TASK INSTRUCTIONS: Restate word for word the lines of the entries below, starting with the line that holds "spanish-calendar-2019-stock-vector-alfonsodetomas-179263526" and ending with the line that holds "bayram kazası: 17", and no others.

━━ INPUT RECORDS ━━

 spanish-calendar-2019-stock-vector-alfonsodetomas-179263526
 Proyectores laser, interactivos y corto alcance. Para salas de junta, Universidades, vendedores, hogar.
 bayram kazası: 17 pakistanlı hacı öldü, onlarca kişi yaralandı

━━━
━━ INPUT RECORDS ━━

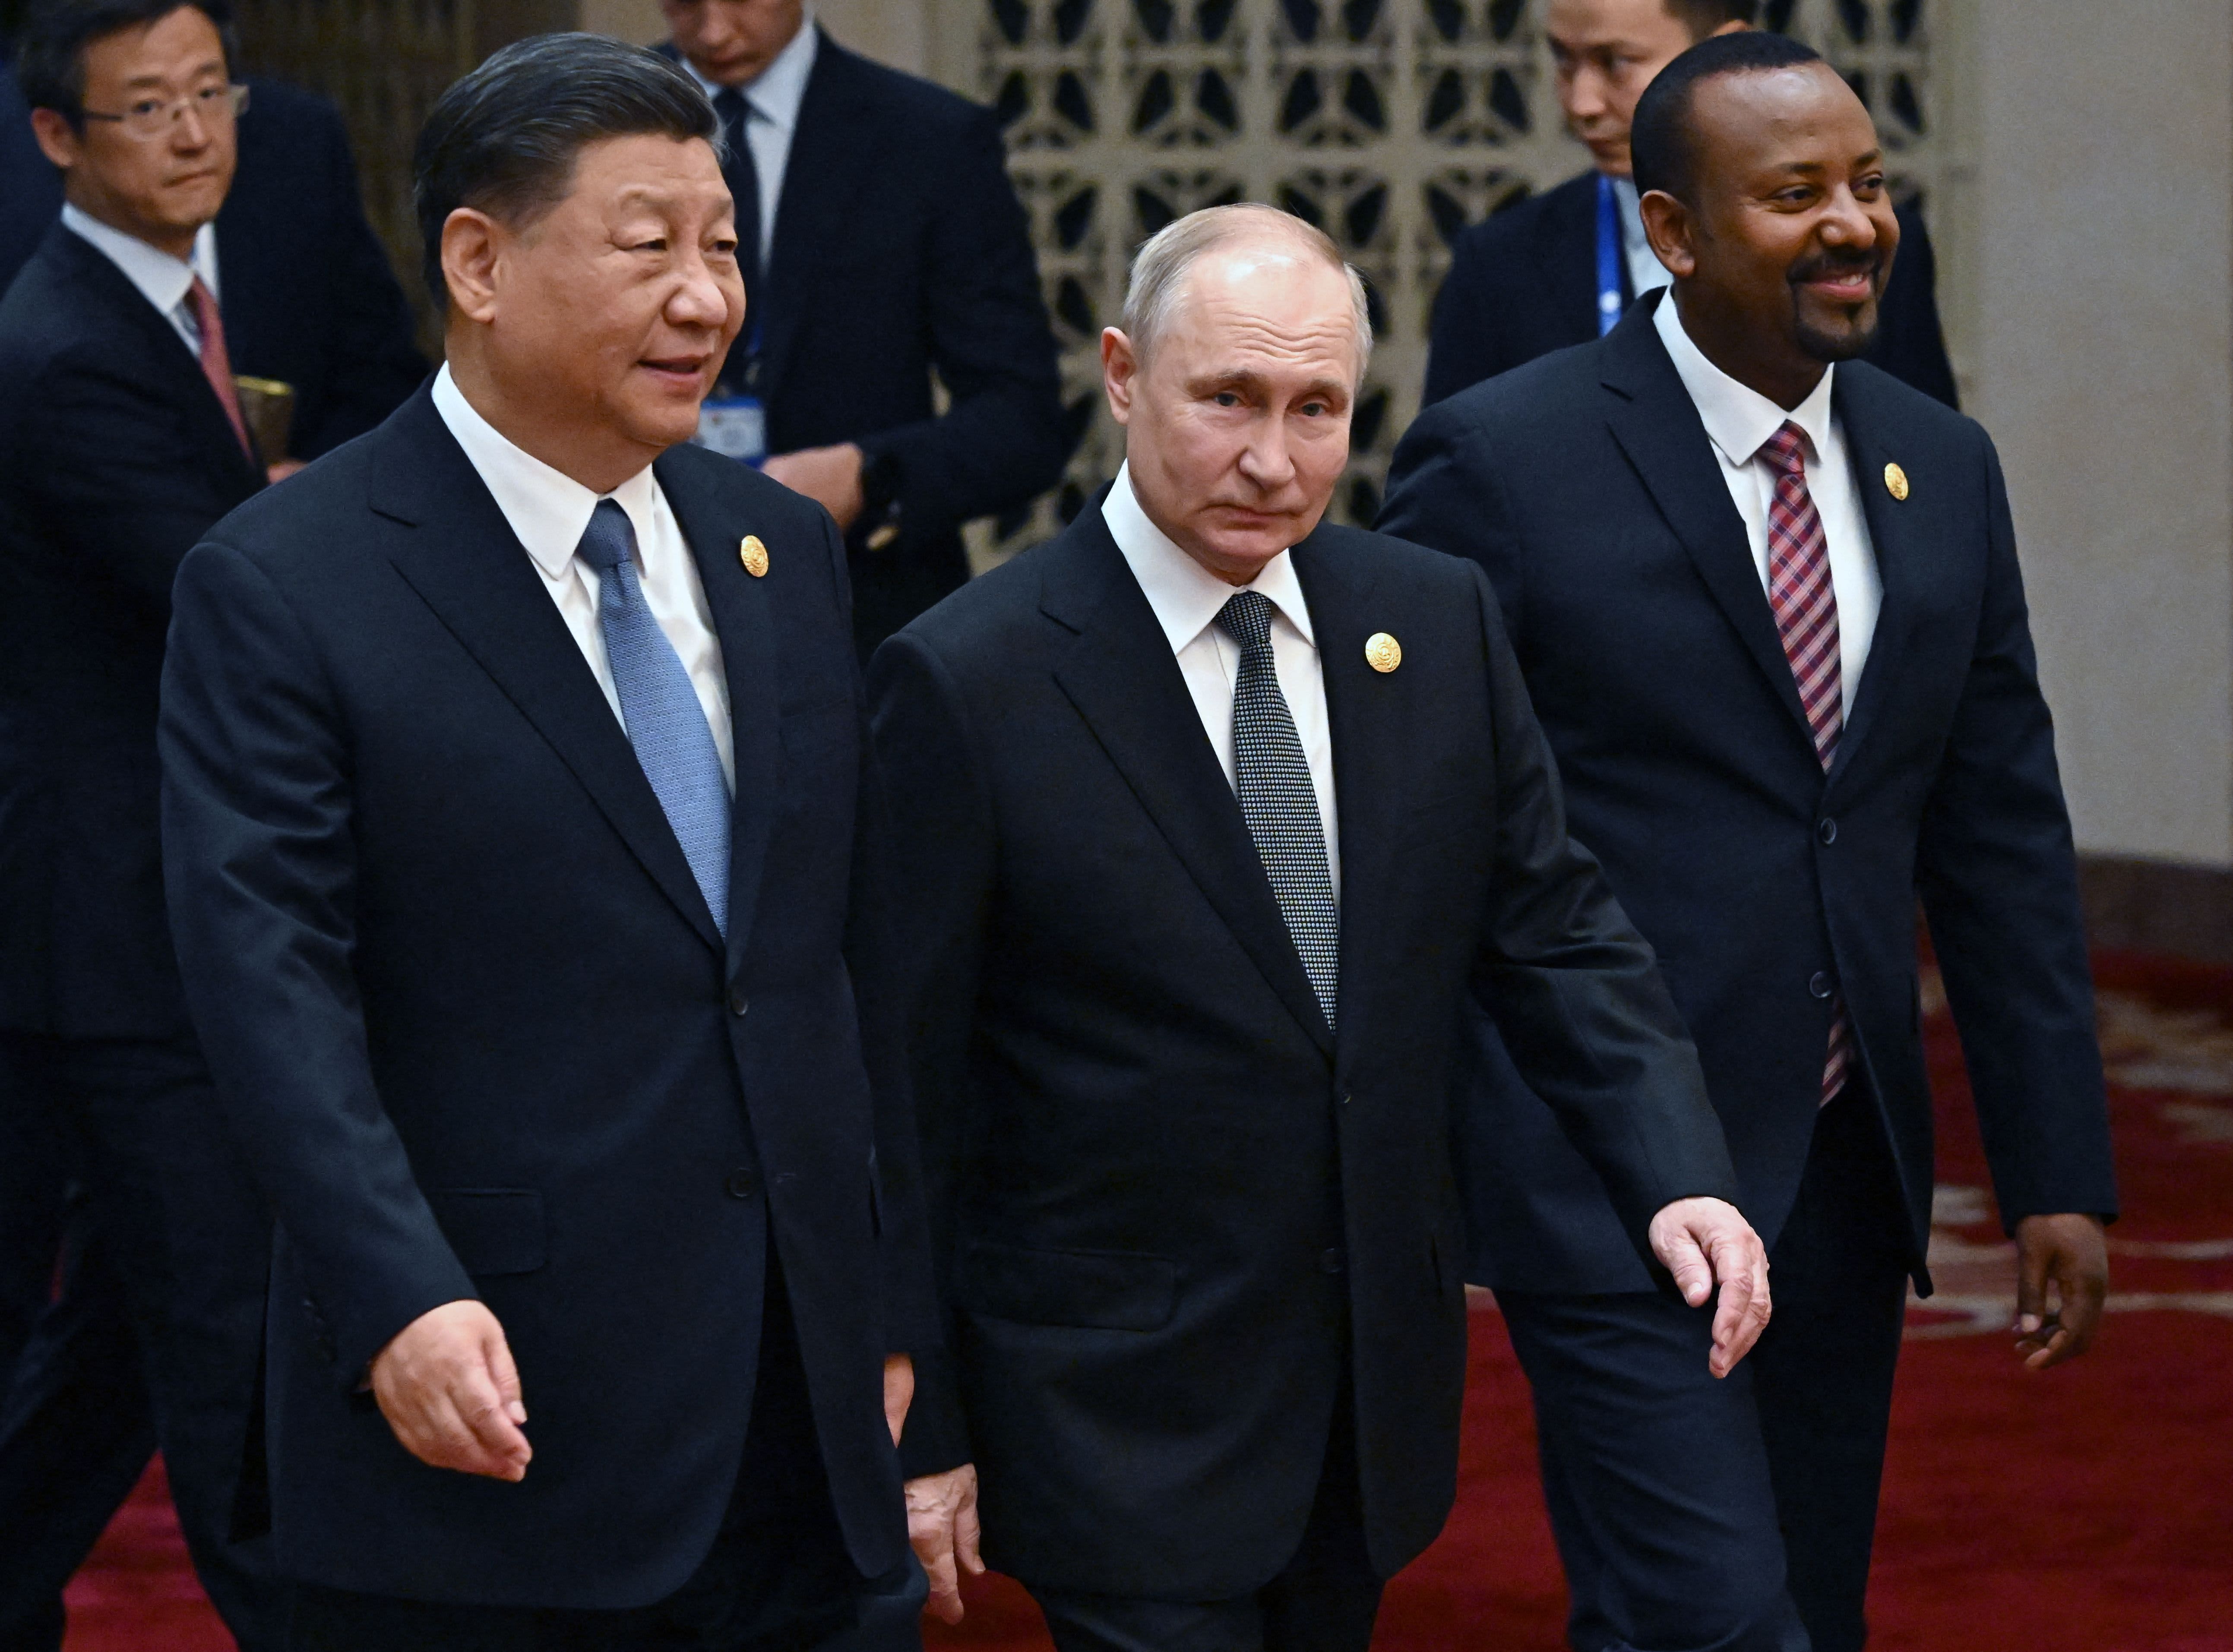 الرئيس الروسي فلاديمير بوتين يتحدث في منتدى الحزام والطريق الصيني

━━━
━━ INPUT RECORDS ━━

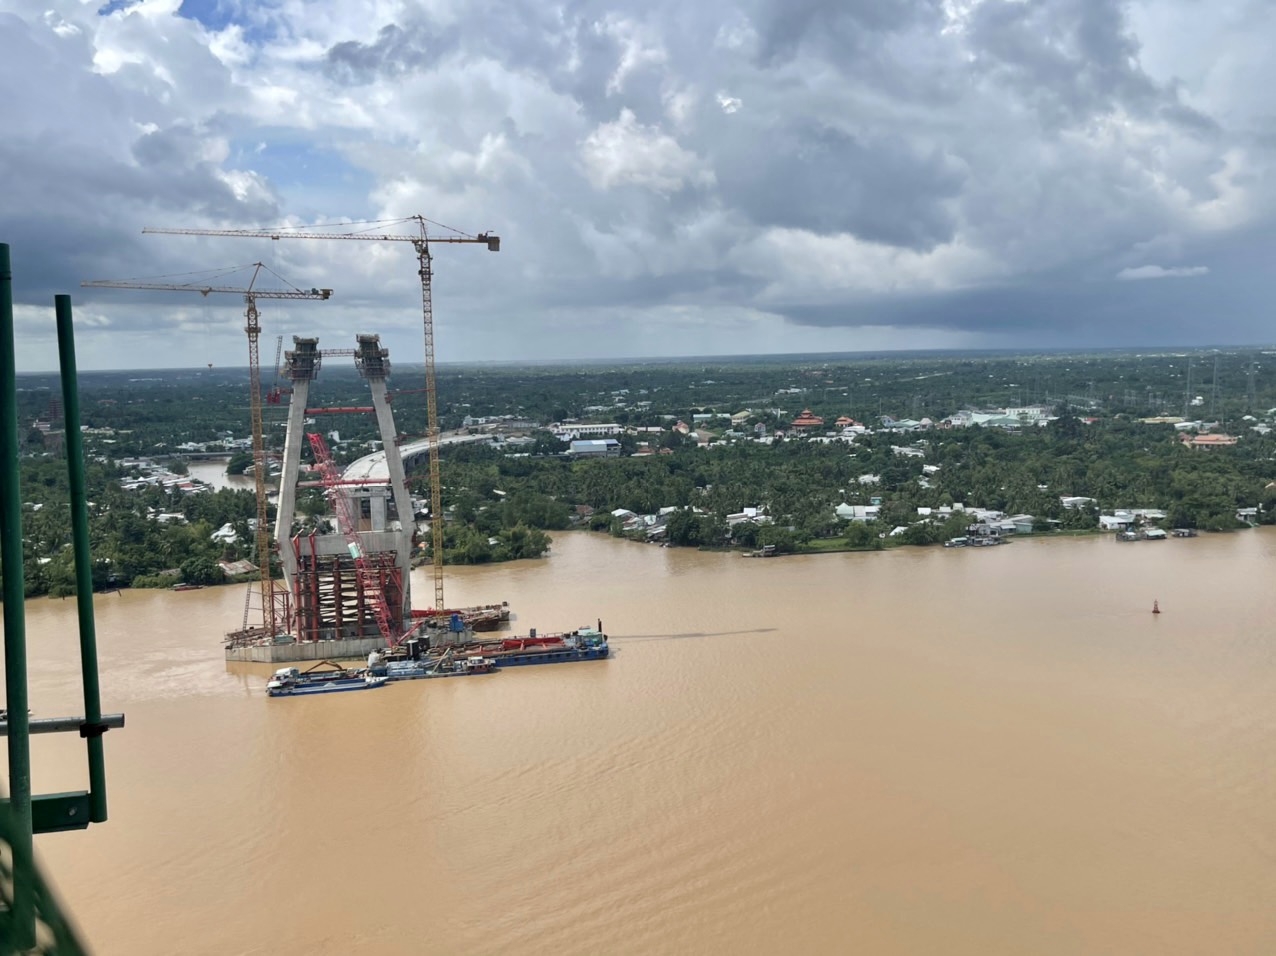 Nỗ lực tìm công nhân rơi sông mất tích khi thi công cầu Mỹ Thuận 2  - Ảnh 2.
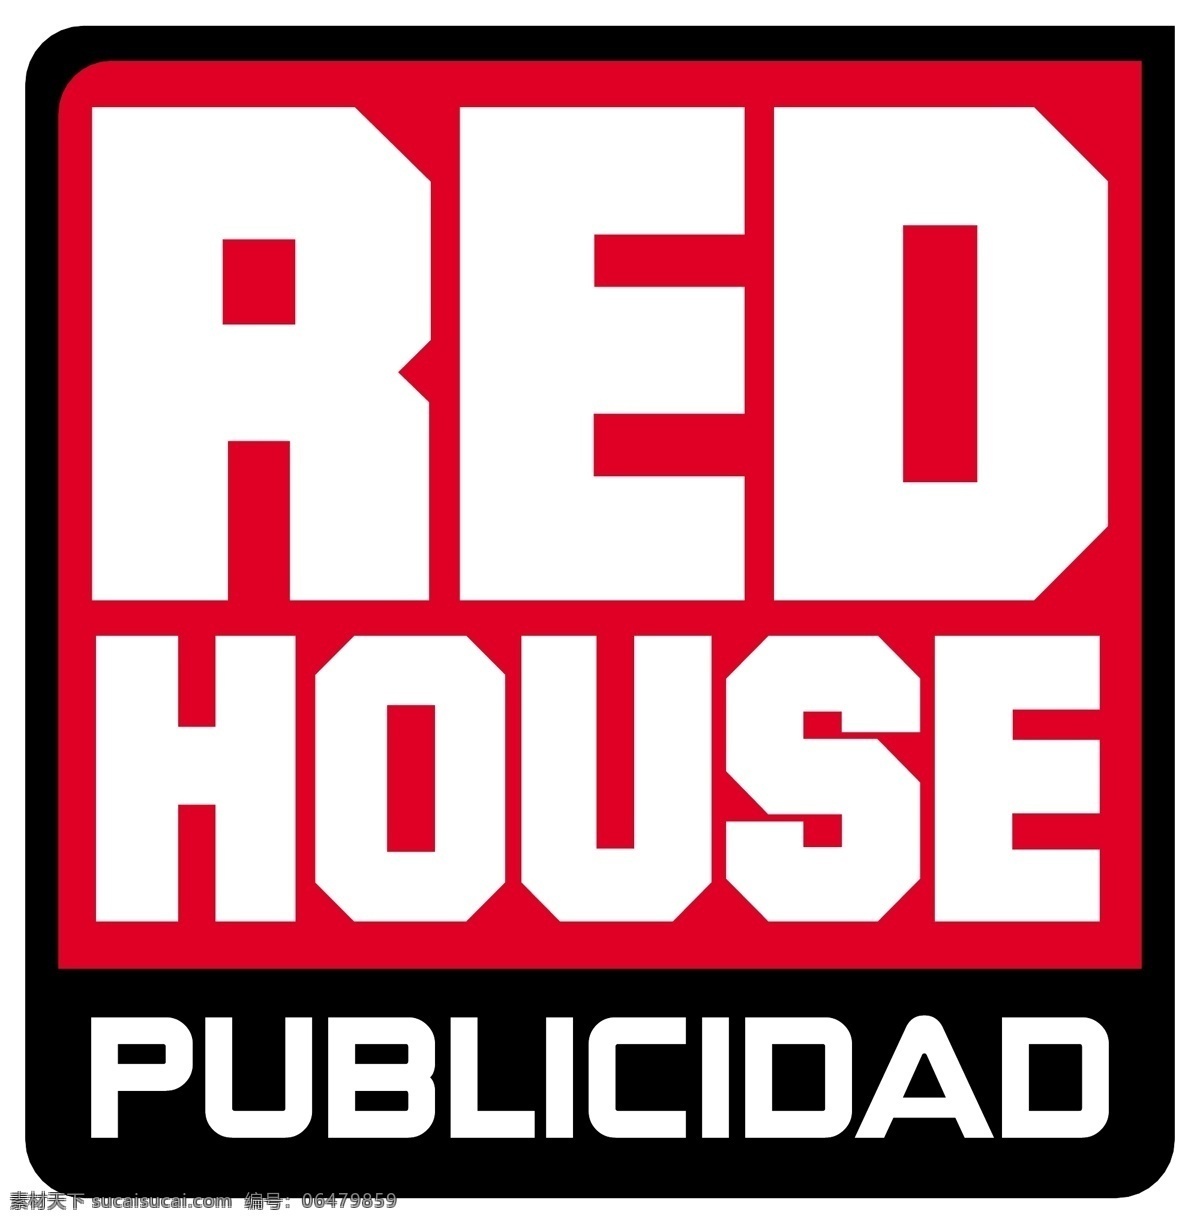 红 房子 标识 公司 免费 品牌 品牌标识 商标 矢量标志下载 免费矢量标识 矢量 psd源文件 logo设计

━━━

RESULT FOR THIS TASK:
 spanish-calendar-2019-stock-vector-alfonsodetomas-179263526
 Proyectores laser, interactivos y corto alcance. Para salas de junta, Universidades, vendedores, hogar.
 bayram kazası: 17 pakistanlı hacı öldü, onlarca kişi yaralandı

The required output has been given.